▶ [Work to be completed]: The pictures in the listing below are to be skipped, while the lines between the line holding "Les roches côtières" and the line holding "Dio kardinala se", inclusive, are to be output exactly.

▶ [Records for processing]:
_____

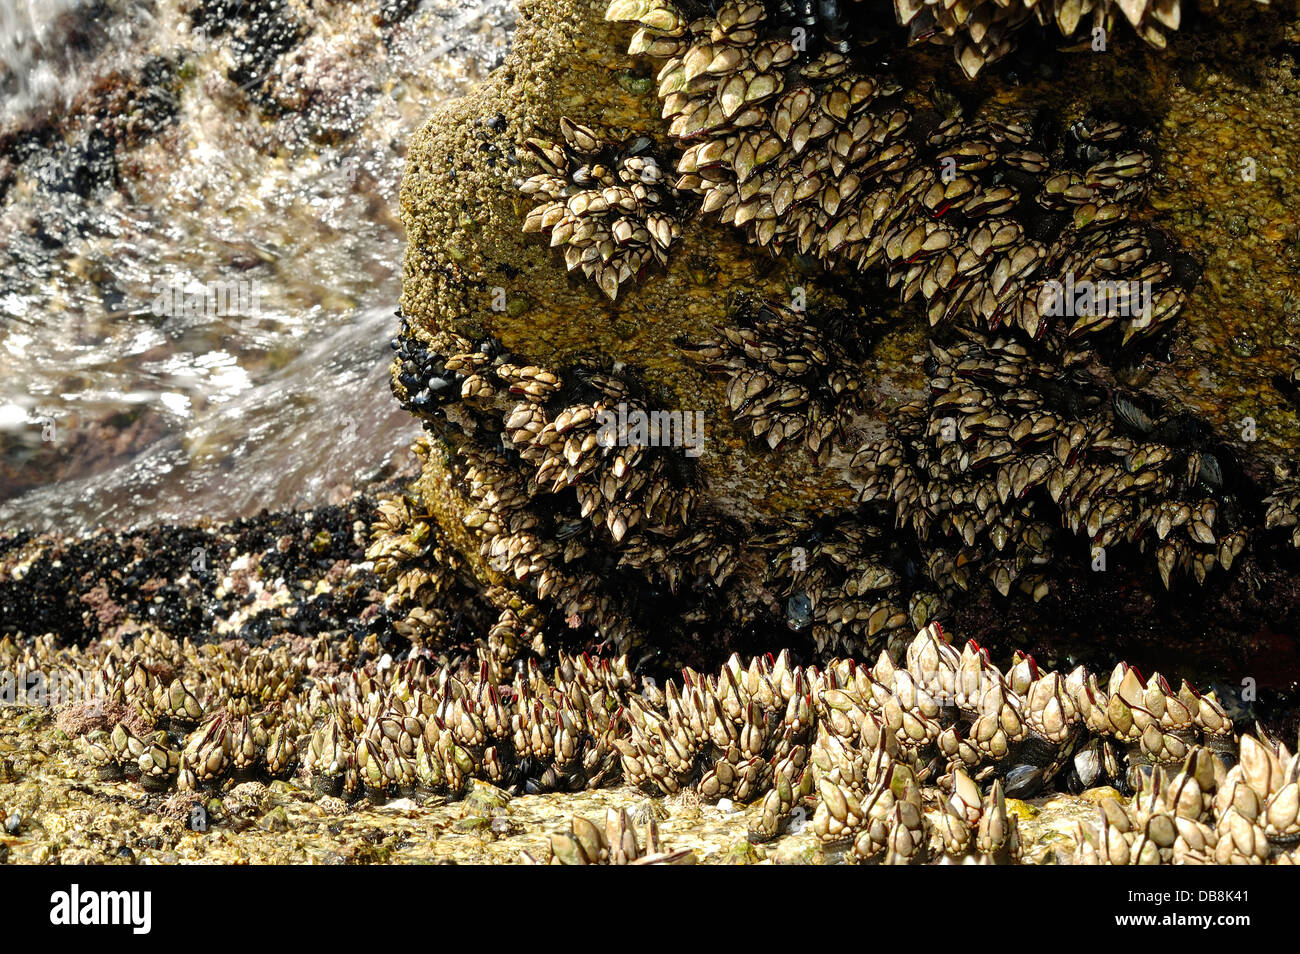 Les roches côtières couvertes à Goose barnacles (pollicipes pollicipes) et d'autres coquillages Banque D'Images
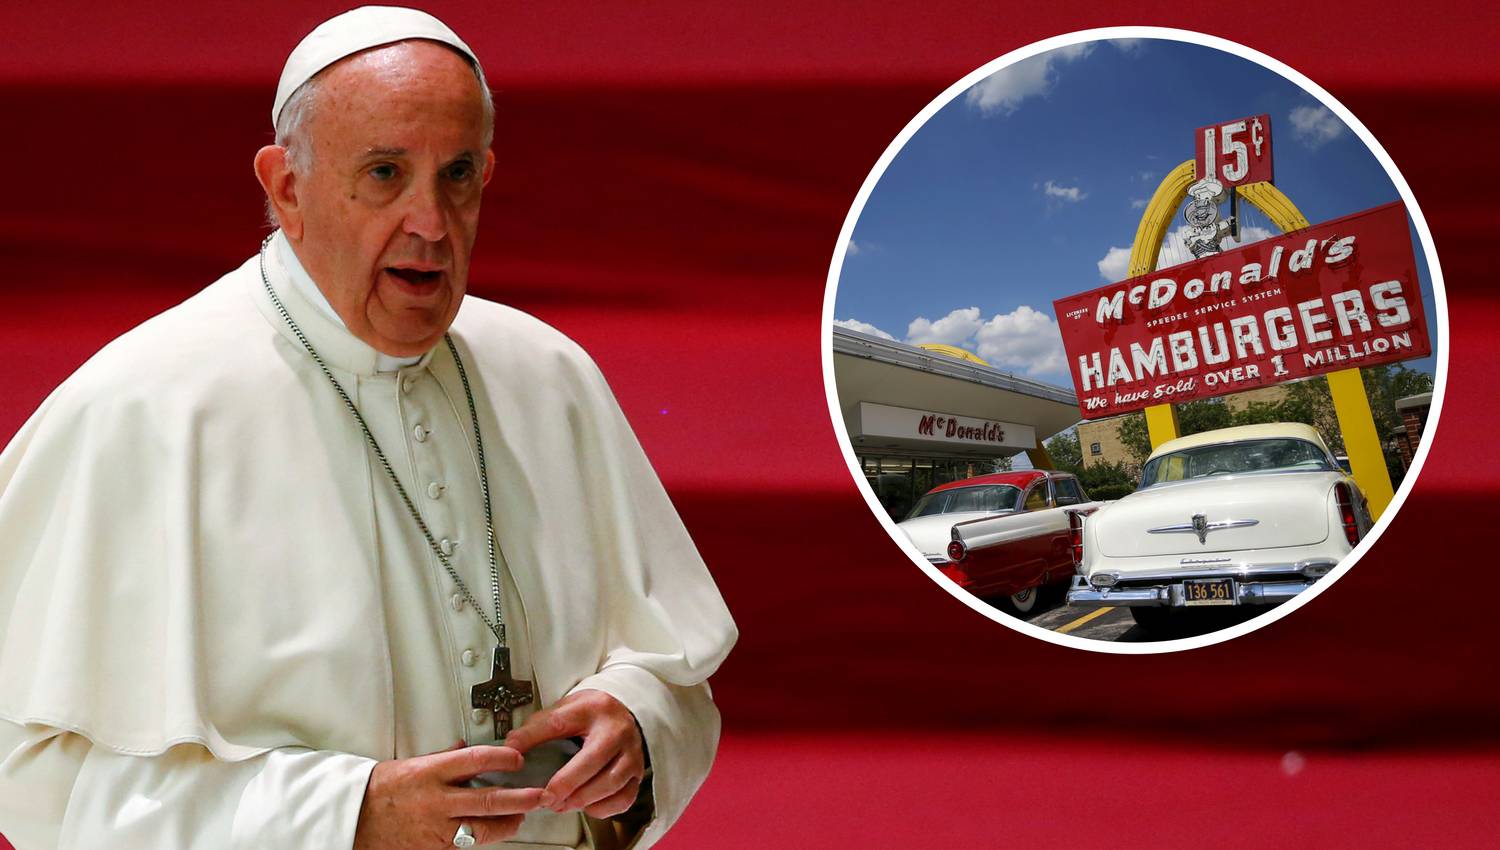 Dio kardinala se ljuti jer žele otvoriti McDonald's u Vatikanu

_____

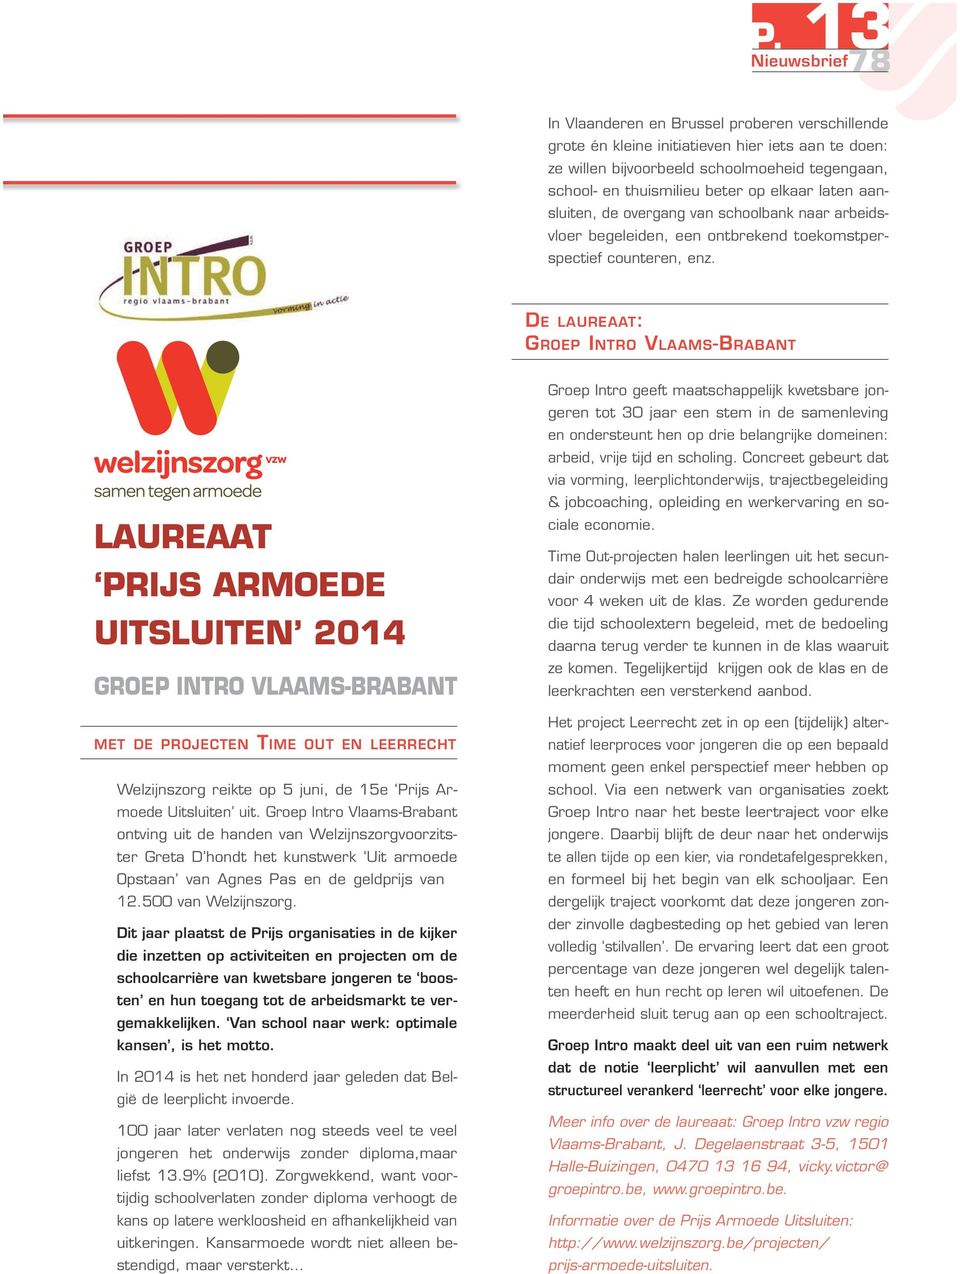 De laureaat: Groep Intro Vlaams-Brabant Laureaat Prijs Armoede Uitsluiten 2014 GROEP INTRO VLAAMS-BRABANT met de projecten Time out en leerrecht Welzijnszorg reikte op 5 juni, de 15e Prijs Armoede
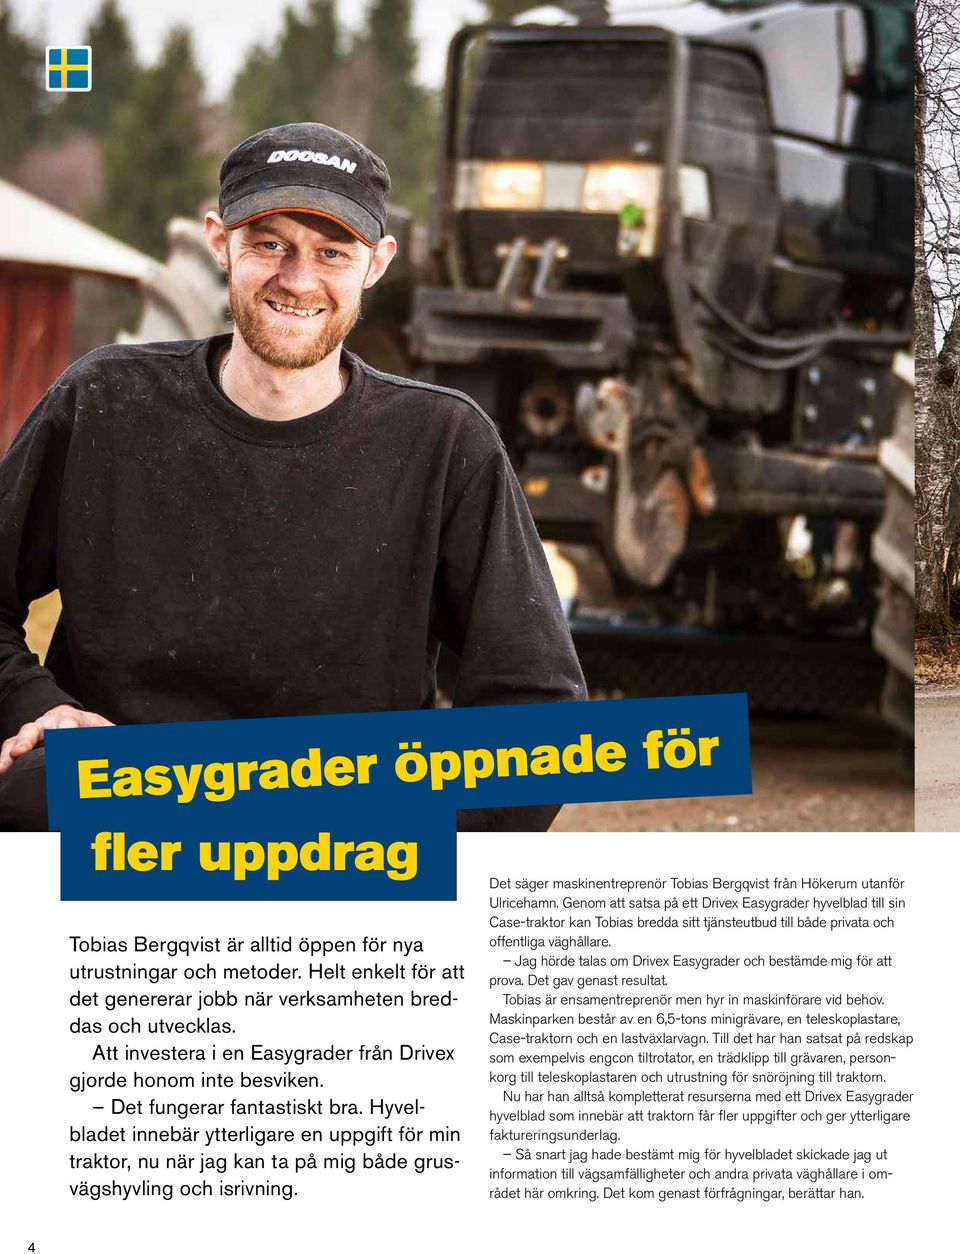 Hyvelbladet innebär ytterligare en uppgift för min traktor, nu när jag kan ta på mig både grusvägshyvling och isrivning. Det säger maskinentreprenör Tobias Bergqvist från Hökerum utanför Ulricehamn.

_____

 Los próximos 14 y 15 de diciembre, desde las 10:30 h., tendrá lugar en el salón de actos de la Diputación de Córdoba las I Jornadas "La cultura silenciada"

_____

▶ [The completed task]:
 Les roches côtières couvertes à Goose barnacles (pollicipes pollicipes) et d'autres coquillages Banque D'Images
 Dio kardinala se ljuti jer žele otvoriti McDonald's u Vatikanu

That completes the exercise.